Retype the data below, every word of it, exactly.

**Dataset extract**
____________________
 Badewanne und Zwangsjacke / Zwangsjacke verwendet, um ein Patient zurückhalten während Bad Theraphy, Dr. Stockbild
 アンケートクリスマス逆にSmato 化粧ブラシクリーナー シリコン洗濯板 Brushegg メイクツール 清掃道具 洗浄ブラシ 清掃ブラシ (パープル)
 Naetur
____________________
**Response**
 Badewanne und Zwangsjacke / Zwangsjacke verwendet, um ein Patient zurückhalten während Bad Theraphy, Dr. Stockbild
 アンケートクリスマス逆にSmato 化粧ブラシクリーナー シリコン洗濯板 Brushegg メイクツール 清掃道具 洗浄ブラシ 清掃ブラシ (パープル)
 Naetur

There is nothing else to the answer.